Advanced Indian Projects Get a Boost
Two of India’s most ambitious defence projects—the Tejas Mk-1A and the Advanced Medium Combat Aircraft (AMCA)—are also gaining attention. The Tejas Mk-1A is an improved version of India’s homegrown fighter jet and is already in production. The new India–U.S. deal is expected to speed up engine deliveries, making the production process faster.
The AMCA is a future project and will be India’s first fifth-generation stealth fighter jet. The prototype is expected to be ready by 2028 or 2029, with the first official flight likely around 2029. The full launch into service may happen by 2035. Both these projects will involve public and private firms and will need strong funding, skilled labour, and technology partnerships.
Are Defence Stocks Overpriced?
While the growth in defence stocks is exciting, analysts are warning that some of these stocks might be overvalued in the short term. Stocks like Cochin Shipyard, GRSE, and BEL have already seen large price increases, and a short-term correction or dip may be expected. This would allow for a healthier balance in the market and give new investors a better entry point.

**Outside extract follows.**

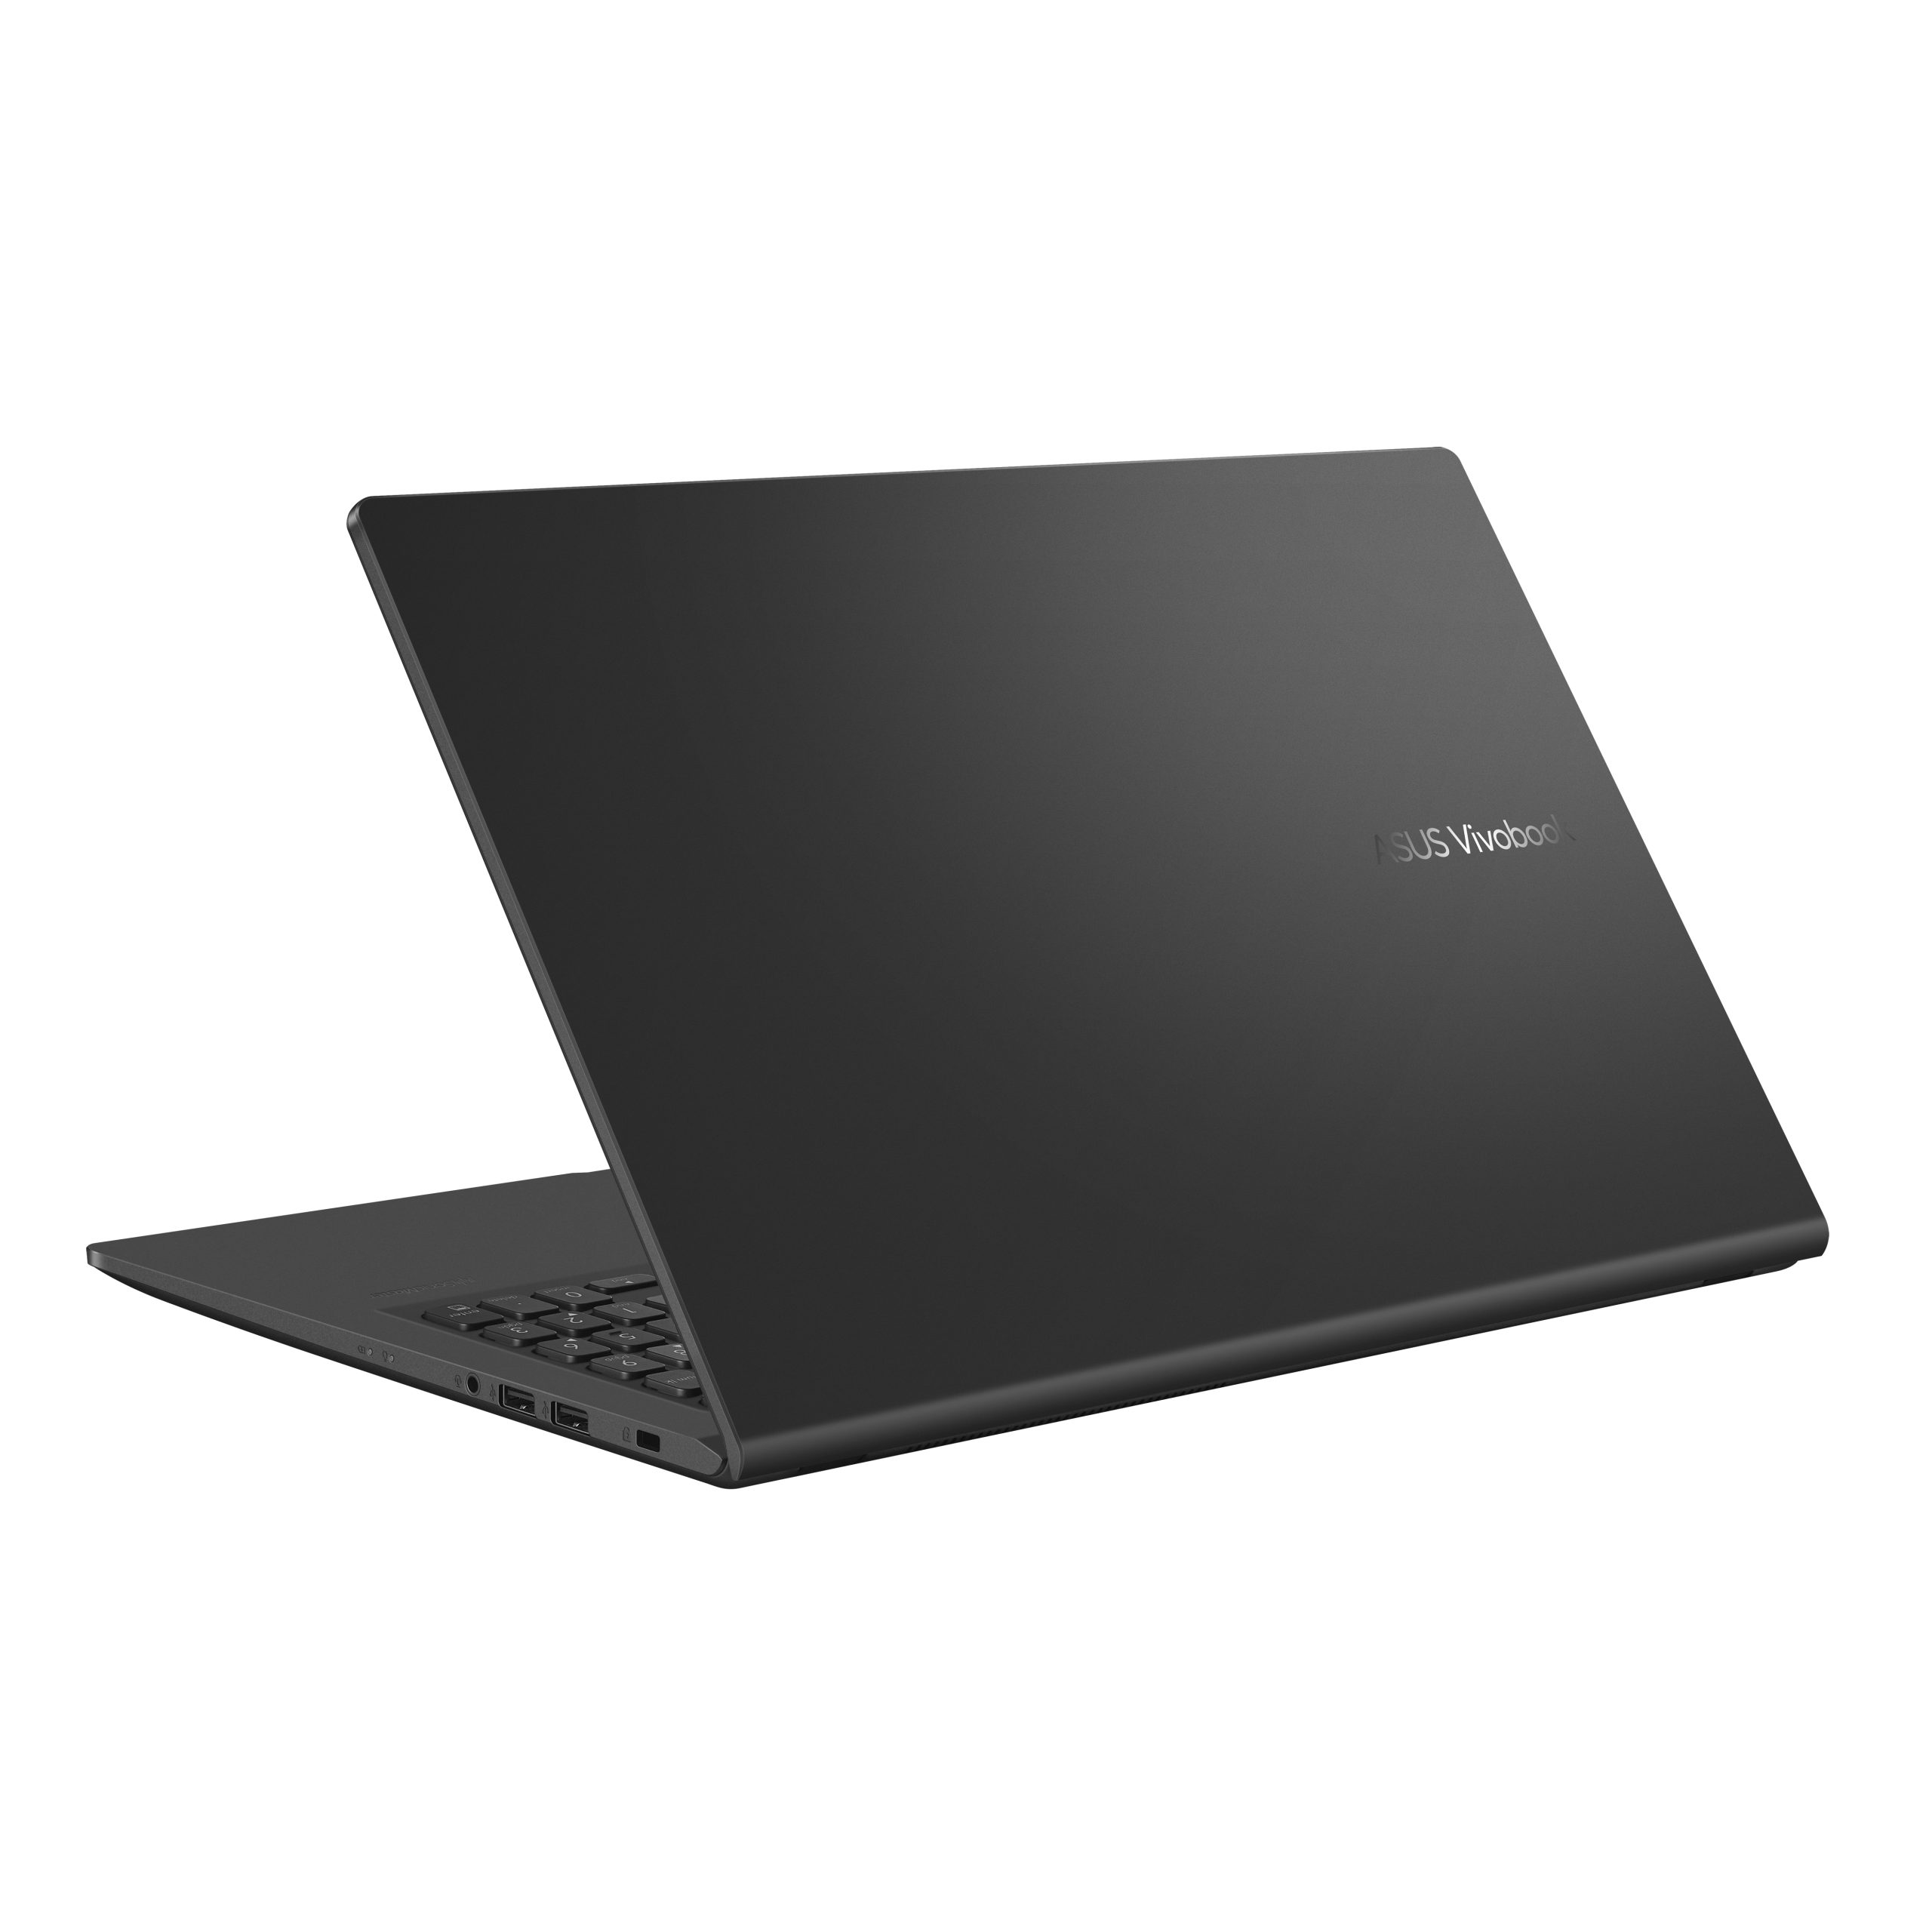 Asus VivoBook 17 17.3 Full HD Laptop, Intel Core i3 i3-1115G4

However, many market experts believe that the sector still has strong long-term potential. The current rally is seen not just as a short-term boost but as the beginning of a longer growth phase that could last years or even decades. As India increases its focus on building its own defence industry, local companies are expected to benefit in a big way.
Global Developments Add More Momentum
This new defence agreement with the US also comes at a time when India is moving away from its long-time defence partnership with Russia. Due to global tensions and changing military needs, India is now turning to Western countries like the United States for more advanced technology and equipment.

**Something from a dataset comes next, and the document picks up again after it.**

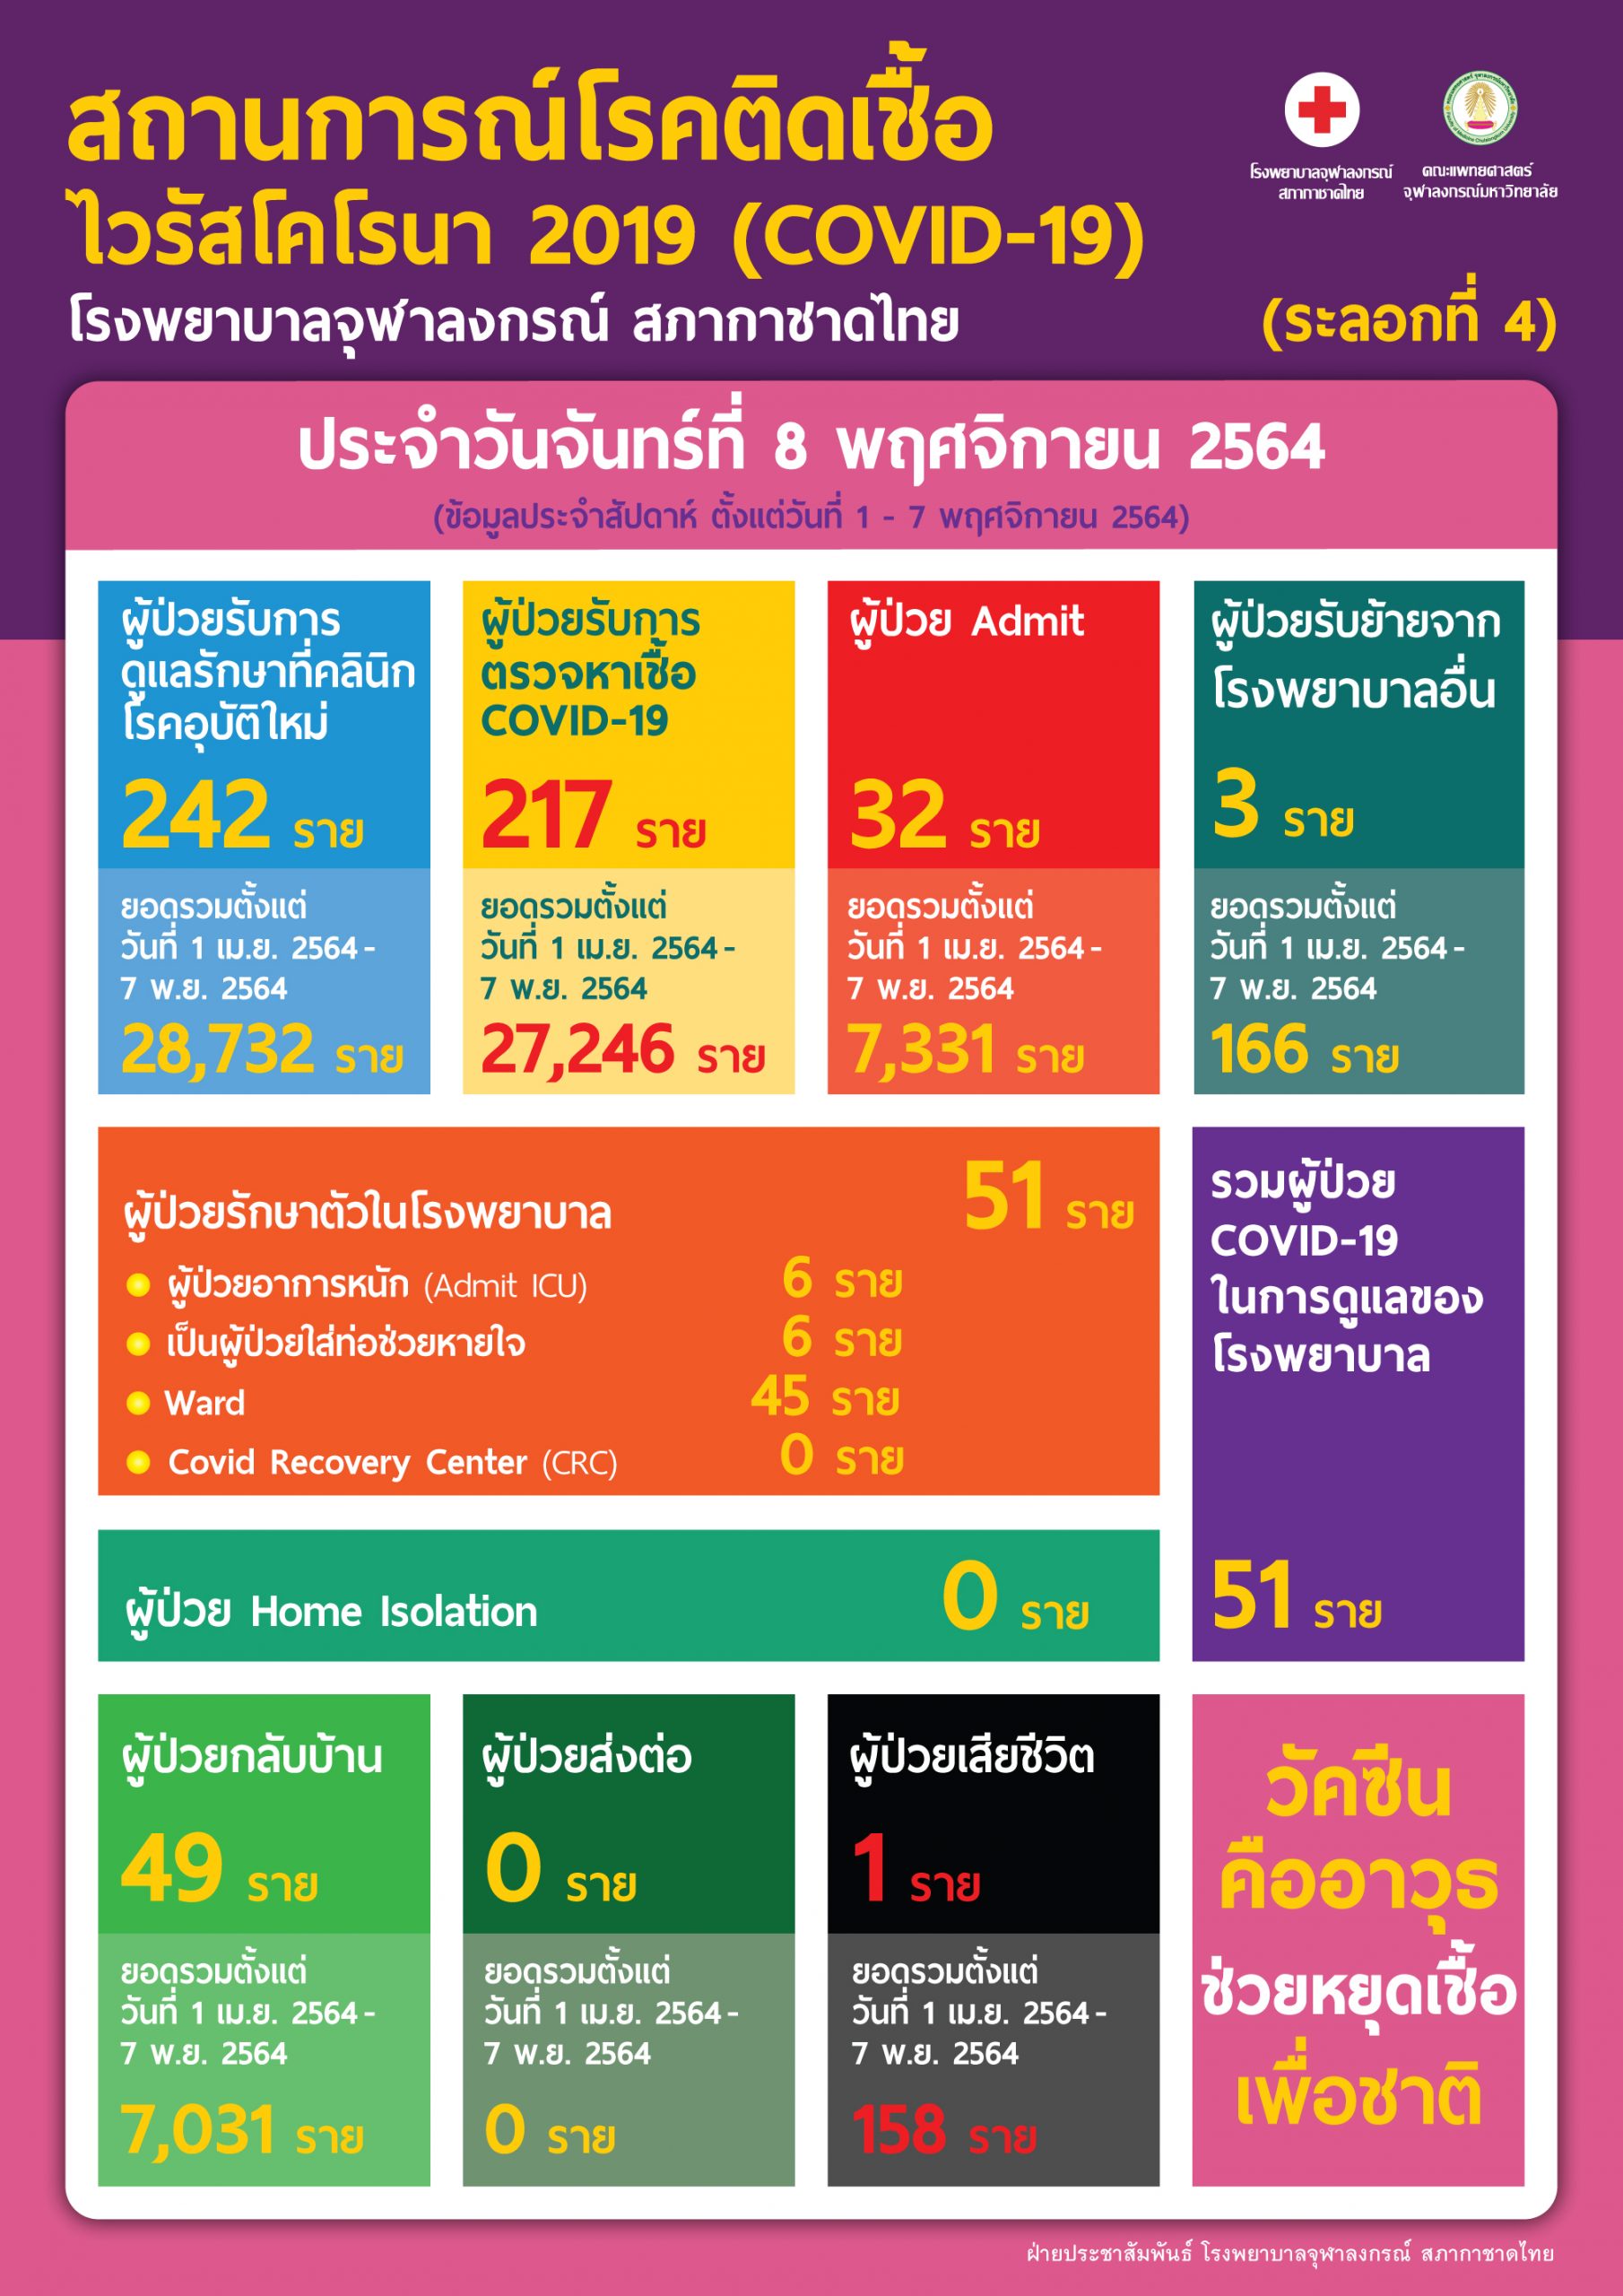 สถานการณ์โรคติดเชื้อไวรัสโคโรนา 2019 (COVID-19) (ระลอกที่ 4) โรงพยาบาลจุฬาลงกรณ์ สภากาชาดไทย ประจำวันจันทร์ที่ 8 พฤศจิกายน 2564

Globally, countries are increasing their defence spending, especially after recent conflicts and geopolitical tensions. This has created a favourable environment for defence exports from India, which could open up new markets for Indian companies.
What to Watch Going Forward
Several key developments will shape the future of defence stocks:
The successful execution of projects like the Nagpur MRO facility will show how serious private-public partnerships are in defence manufacturing.
Progress in large-scale indigenous projects like the AMCA and Tejas Mk-1A will play a big role in attracting future investment.
Continued government orders from the Defence Acquisition Council will ensure a steady pipeline of work for major companies.
Steps taken to improve local supply chains, such as HAL and BEL making more parts and systems in-house, will add long-term strength to the sector.
Any fall in the prices of defence stocks in the coming weeks may offer a fresh opportunity for investors looking at long-term growth.
A Strong Future with Room for Caution
The 10-year India–U.S. defence agreement has created a major opportunity for Indian defence companies. With growing government support, international partnerships, and ambitious local projects, the sector is set for long-term growth. Defence stocks have already performed well in 2025, and the outlook remains strong.
However, smart investing requires careful attention to price levels, especially after a sharp rally. While short-term corrections may happen, the overall trend points to a strong future for India’s defence industry—one built on innovation, self-reliance, and global cooperation.